- Original language: English
- Written by: William Mastrosimone
- Genre: comedy

Premiere
- Date: 1979
- Place: Rutgers University

= The Woolgatherer =

The Woolgatherer is a play by William Mastrosimone. It originally premiered at the Theatre at Rutgers University in 1979. It was printed in 1981.

The play is William Mastrosimone's first play.

It has been produced a number of times and has won awards, including the L.A. Drama Critics Award in 1982.

==Plot==
It is a two-act play, set entirely in a small apartment in South Philadelphia. It centers around Rose and Cliff, two neurotic people searching for love. Rose is a nervous and flighty woman who is haunted by the past and obsessed with destruction; due to her hemophilia, she's closed herself off from the world. She works at a five-and-dime behind the candy counter. She dreams of true love and how she'll meet a man one day who is perfect for her.
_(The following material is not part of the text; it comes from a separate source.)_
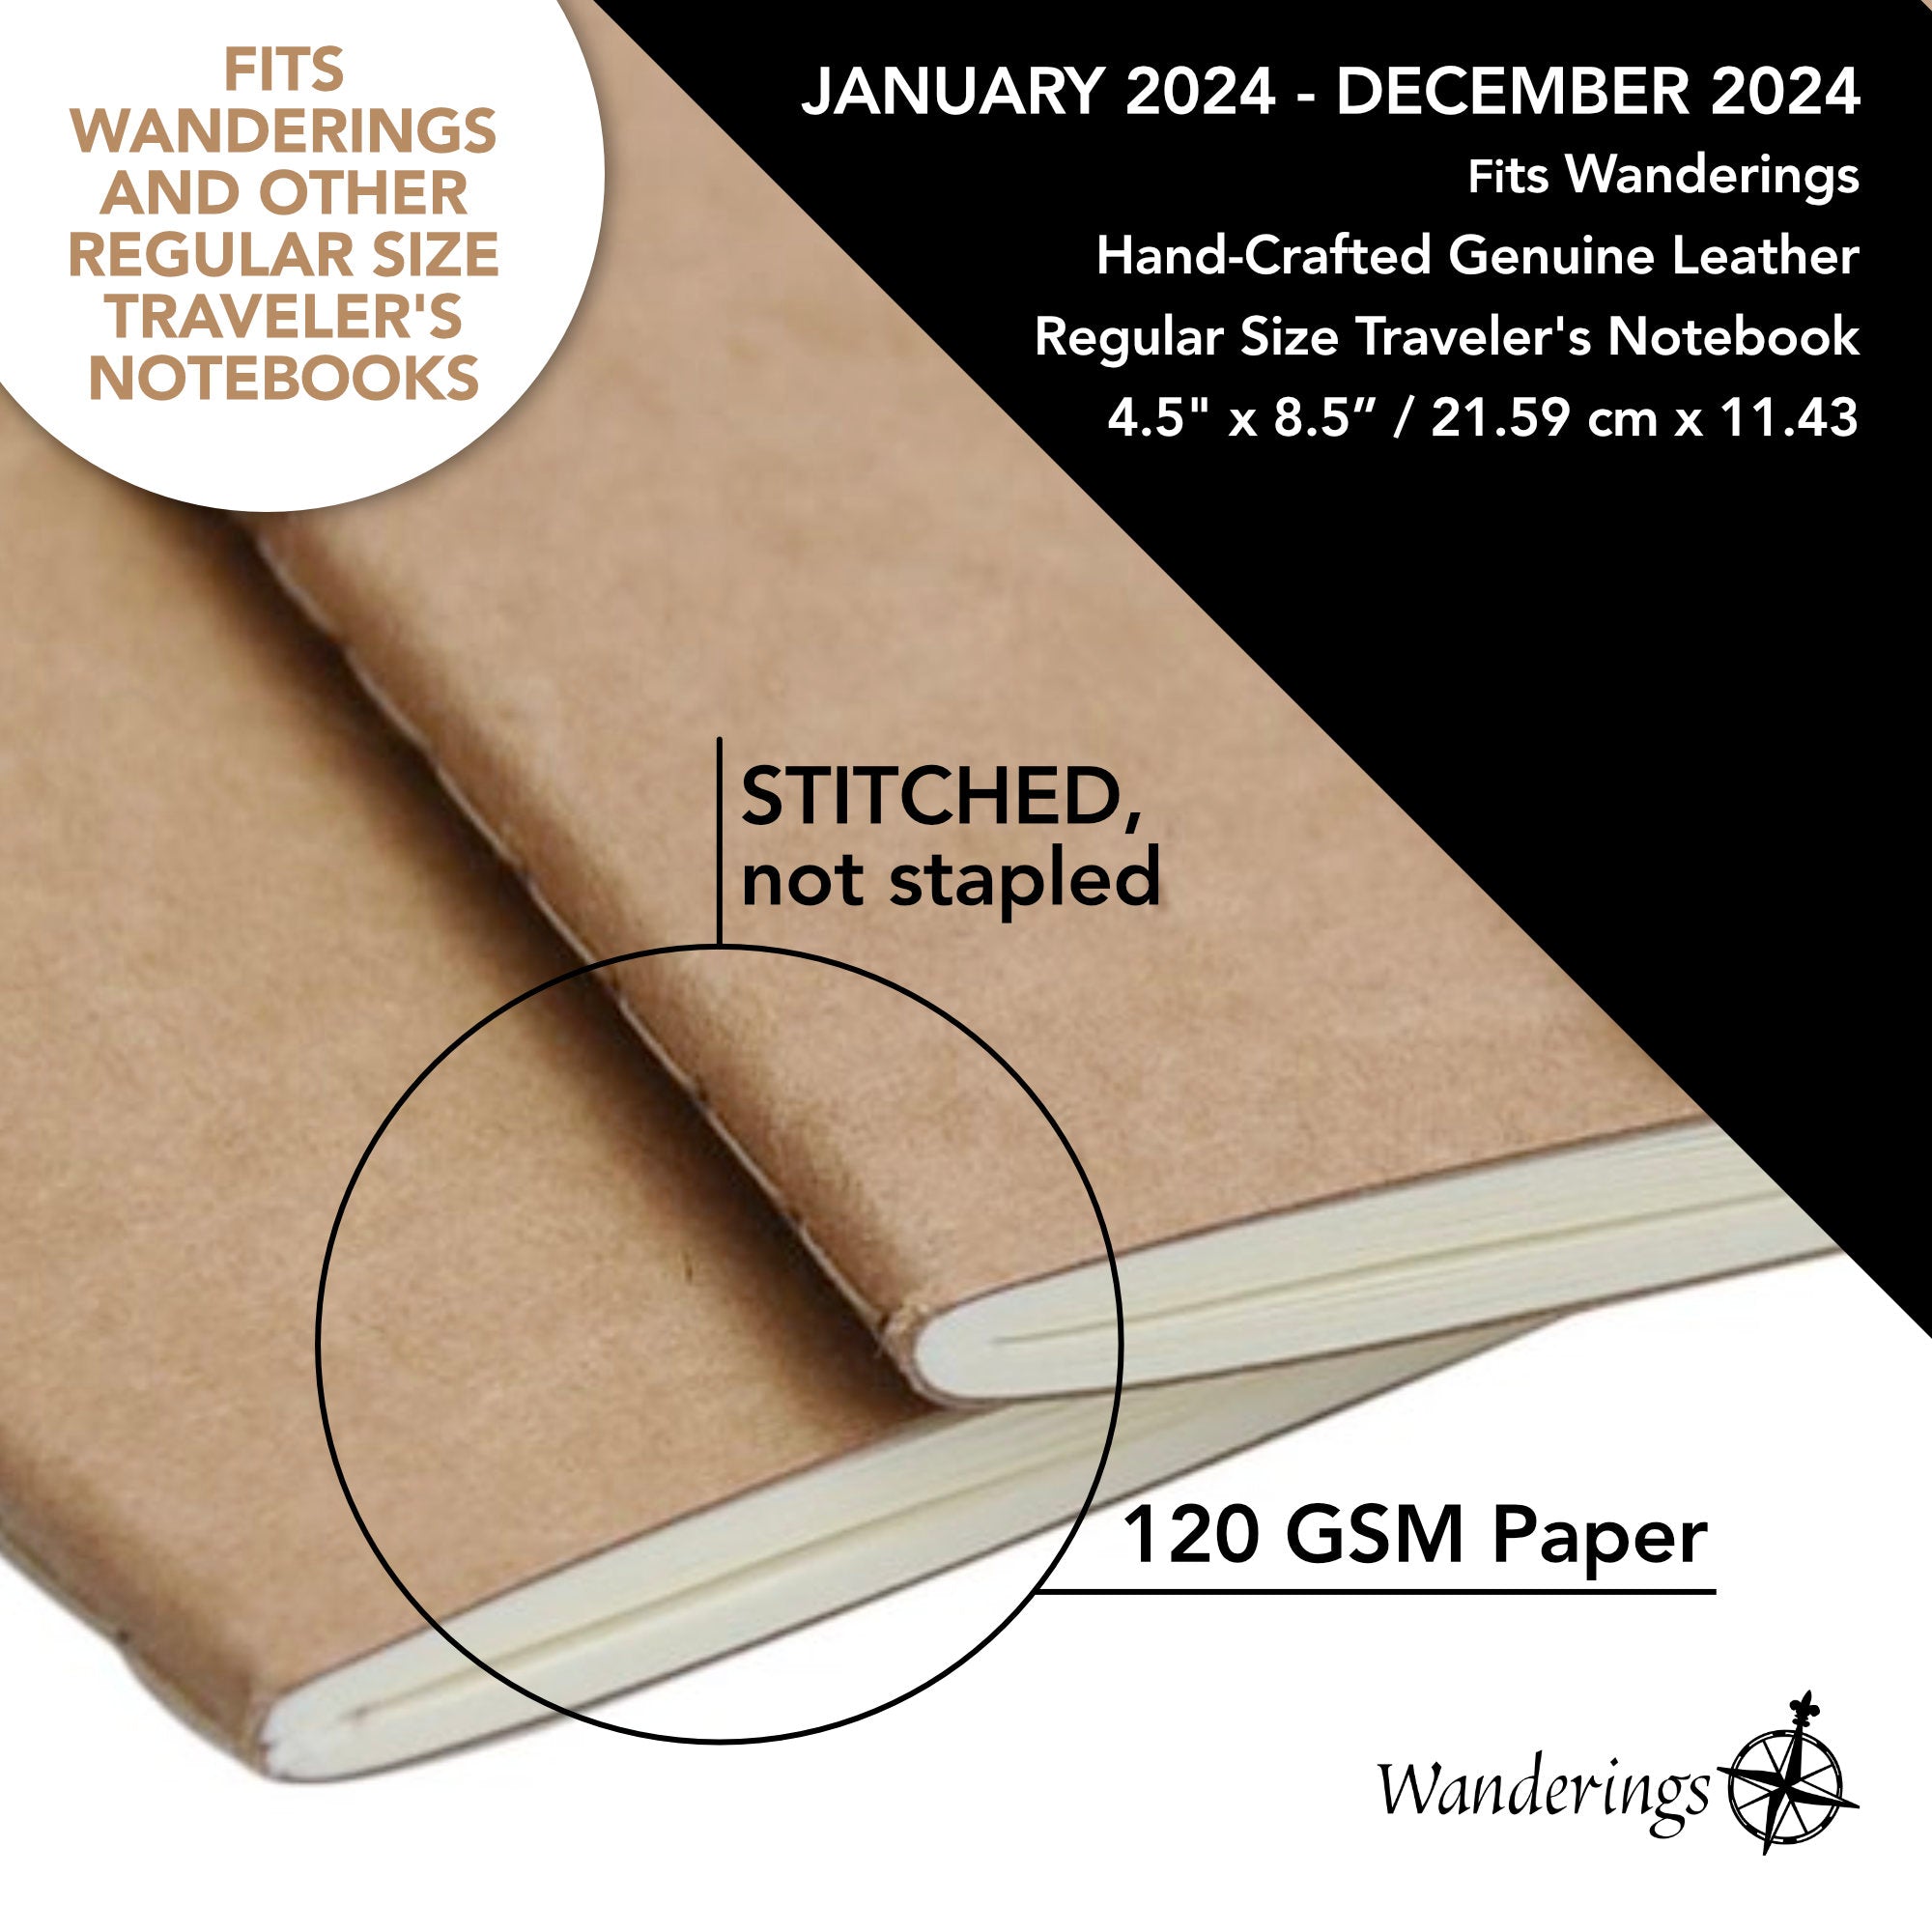 3 x Traveler's Notebook Inserts, STANDARD Size, Pink n Grey, 3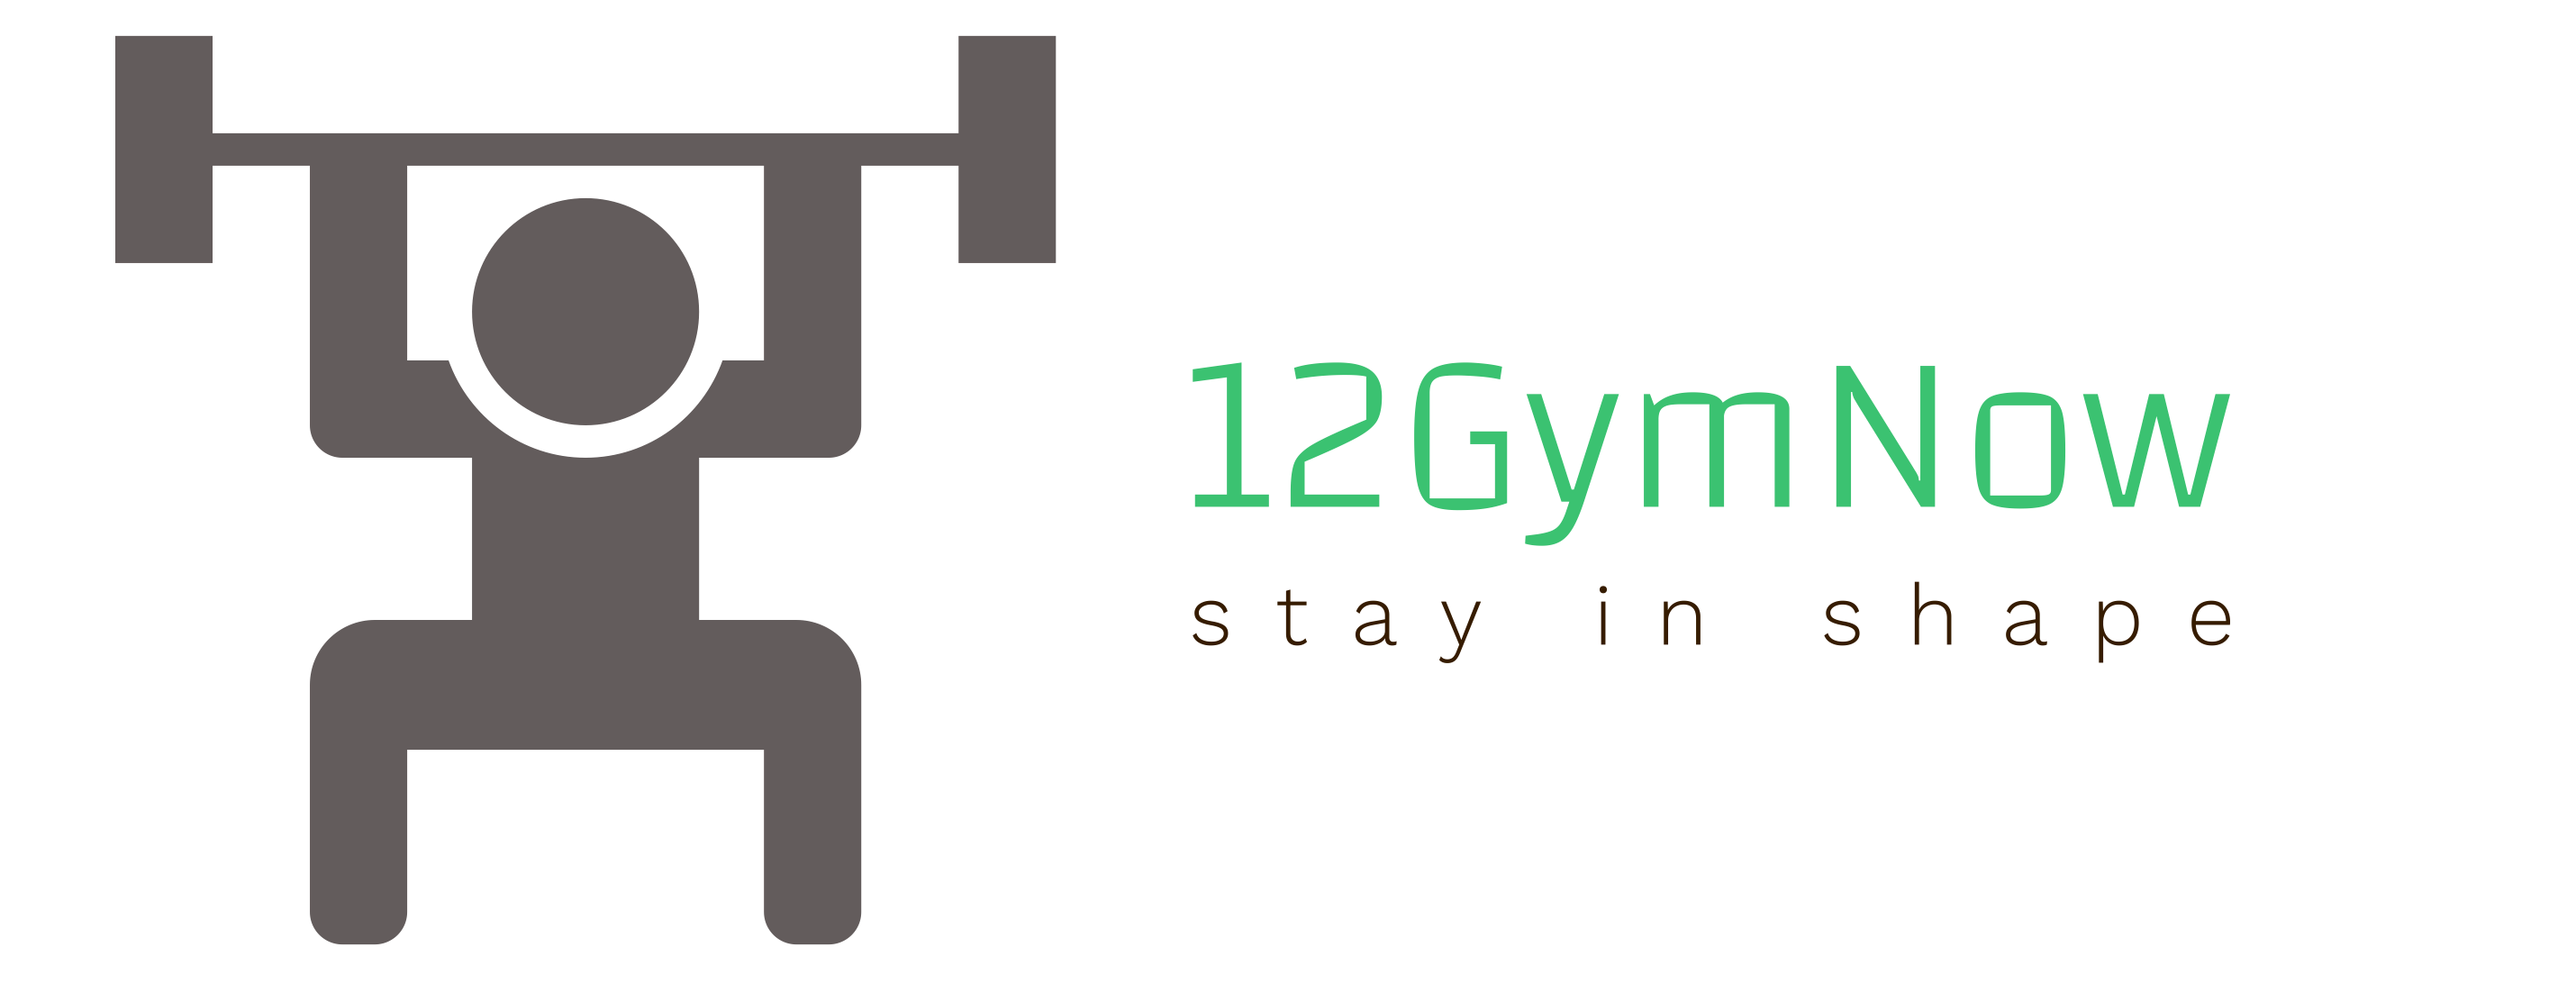 12GymNow - stay in shape

Cliff is a foul-mouthed, wise-cracking transcontinental truck driver who gets stuck in town when his truck breaks down. While he is waiting for his rig to be repaired, he wanders into Rose's store looking for a one-night stand. Rose then invites him over to her apartment and they start to argue about issues like her old and cranky neighbor and her boarded up window.

Towards the end of the play, the reader finds out that Rose does a number of strange things including putting on perfume and a hair ribbon before going to sleep. Cliff thinks that another man is there, so he forces himself in and looks around expecting to find a lover, but instead finding a collection of men's sweaters in her closet.
He soon finds out about her weird collection of men's sweaters.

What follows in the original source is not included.